I will take a first stab at one of the required calculations. I will assume full-ring (Hero plus eight Villains). We will assume that Hero flops a straight which obviously means that Hero has two unpaired cards and Flop has three unpaired cards (none of which pair Hero).
For the purposes of these "pure" probability calculations, I will follow convention and assume all players go to showdown on every deal.
Let's first calculate prob of Hero losing to quads versus exactly one Villain. I will first tally the villain-makes-quads cases (numerators) and at the bottom derive total number of cases (denominator) and then divide the sum of the numerators by the denominator to arrive at the desired probability.
Case 1: Turn and river are a pair and pair one of the flop cards (so there is trips on board)

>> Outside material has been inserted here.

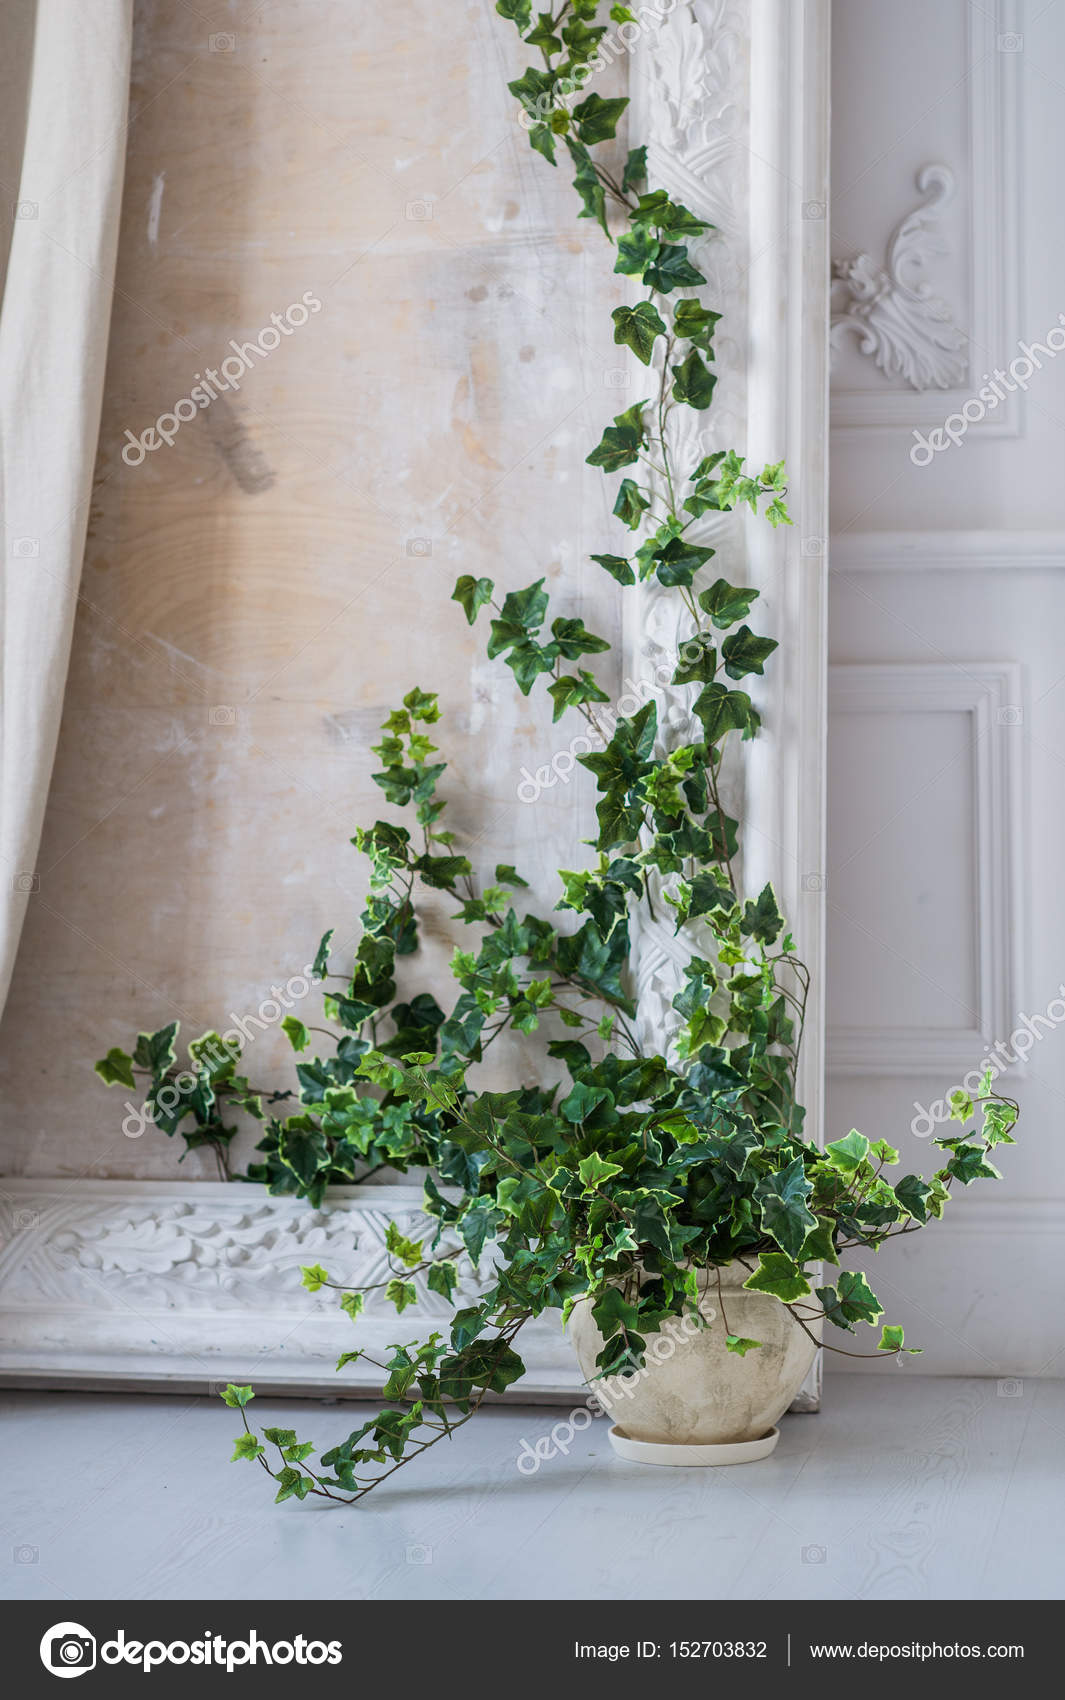 Herbe verte plante en pot vintage d coration contre un mur lumineux blanc c t de la porte - Plante contre l humidite dans la maison ...

= C(3,1)*C(3,2)*C(1,1)*C(44,1)
= 396
Case 2: Turn and river are a pair but do not pair one of the flop cards (so there is one pair on board)
= C(8,1)*C(4,2)*C(2,2)
= 48
Case 3: Turn and river both pair one of the flop cards, but not each other (so there is two pair on board)
= C(3,2)*C(3,1)*C(3,1)*C(2,1)*C(2,2)
= 54
Case 4: Turn or river pair one of the flop cards, but not both (so there is one pair on board)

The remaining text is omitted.